Both social media sentiment and stock market data are crucial for stock price prediction

Overview

Relating Social Media to Stock Movements_DA-31st-December

Both social media sentiment and stock market data are crucial for stock price prediction. So, in this project we analyzed the dynamics of stock markets based on both social media news (text data) and stock prices (numerical data).

Understanding the Dataset

The dataset we are working on is a combination of Wallstreetbets-Reddit news and the Standard & Poor’s 500 (S&p 500) stock price from 2013 to 2018.

  • The news dataset contains the top 25 news from Reddit on each day from 2013 to 2018.

  • The S&P 500 contains the core stock market information for each day such as Open, Close, and Volume.

  • The SCORE of the dataset is whether the stock price is increase (labeled as 1) or decrease (labeled as 0) on that day.

EDA

Introduction:

  • data dataset comprises 5698 rows and 8 columns.
  • Dataset consists of continuous variable and float data type.
  • Dataset column variables 'Open', 'Close', 'High', 'Low', 'Volume', are the stock variables from historical dataset and other variables are showing polarity of news which are the derived variables using sentiment analysis as discussed in the above section.

Descriptive Statistics:

Using describe() we could get the following result for the numerical features

open high low close volume count 5697.000000 5697.000000 5697.000000 5698.000000 5.698000e+03 mean 88.139399 89.012936 87.245609 88.146015 1.718703e+06 std 32.666995 32.960833 32.363413 32.660301 1.248357e+06 min 30.380000 31.090000 29.730000 29.940000 1.000000e+02 25% 64.650000 65.310000 64.053300 64.672500 9.880475e+05 50% 80.750000 81.490000 79.990000 80.750000 1.460298e+06 75% 105.270000 106.270000 104.350000 105.345000 2.135991e+06 max 201.240000 201.240000 198.160000 200.380000 3.378024e+07

Preprocessing and Sentiment Analysis

We filled out the NaN values in the missed three topics. And got the polarity and subjectivity for the news' topics. Polarity is of 'float' type and lies in the range of -1, 1, where 1

means a high positive sentiment, and -1 means a high negative sentiment.

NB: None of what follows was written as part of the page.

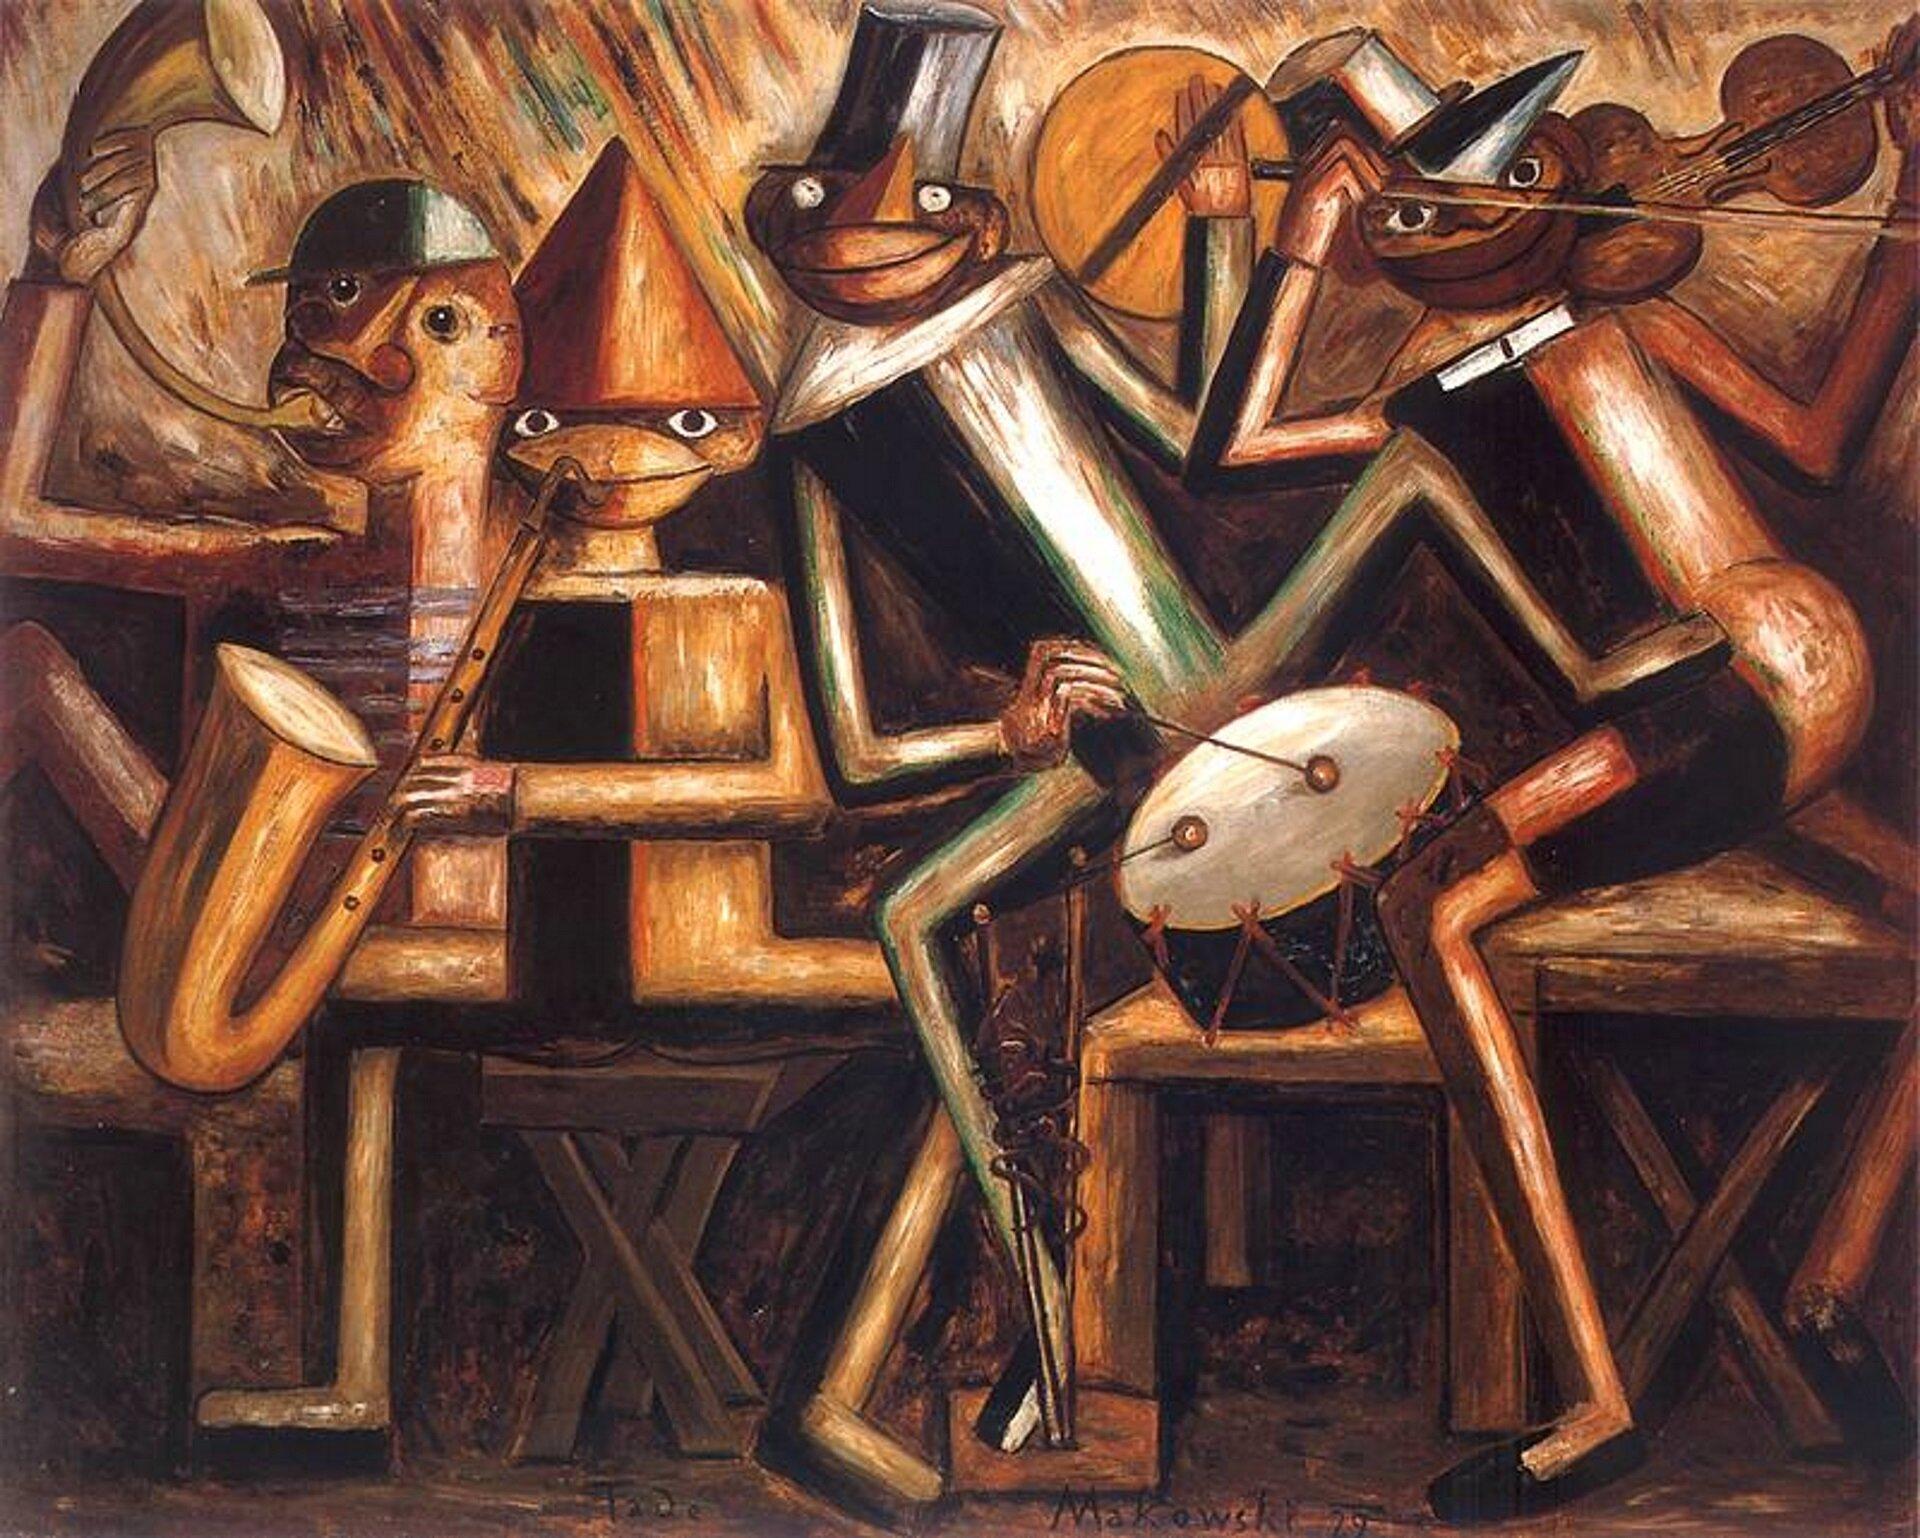 """Ilustracja przedstawia obraz pt. """"Jazz"""" autorstwa Tadeusza Makowskiego. Obraz namalowany został techniką olejną, ajego rozmiary to 132x163cm. Płótno przedstawia cztery postacie ogeometrycznych, przypominających drewniane figury kształtach. Ich pozycje są zróżnicowane, każda dzierży instrument muzyczny. Zlewej strony siedzi trębacz, obok niego przedstawiony jest saksofonista, perkusista zbębnem italerzem oraz skrzypek zharmonijką ustną. Sylwetki ukazane są wsposób dynamiczny, zdają się autentycznie przeżywać muzykę, wpełni integrować zrytmem imelodią, poruszać się wich takt. Twarze grajków, chociaż mocno uproszczone, wyrażają zadowolenie, co sugerują uśmiechy iprzymrużone oczy. Cała scena rozgrywa się najprawdopodobniej wbliżej nieokreślonym lokalu, gdyż muzycy siedzą na drewnianych taboretach. Za nimi umieszczona jest ściana ozróżnicowanych barwach oscylujących wokół ciepłych odcieni brązu izieleni, upstrzona błyszczącymi refleksami światła. Kolorystyka dzieła jest ciepła, radosna idynamiczna – jak jego kompozycja"""

So, they will be very helpful in determining the increase or decrease of the stock market.

Then we checked the missing values in the stock market information, it was complete. Then we merged the sentiment information (polarity ) by date with the stock market information (Open, High, Low, Close, Volume, Adj Close) in merged_data dataframe.

Before modeling and after splitting we scaled the data using standardization to shift the distribution to have a mean of zero and a standard deviation of one.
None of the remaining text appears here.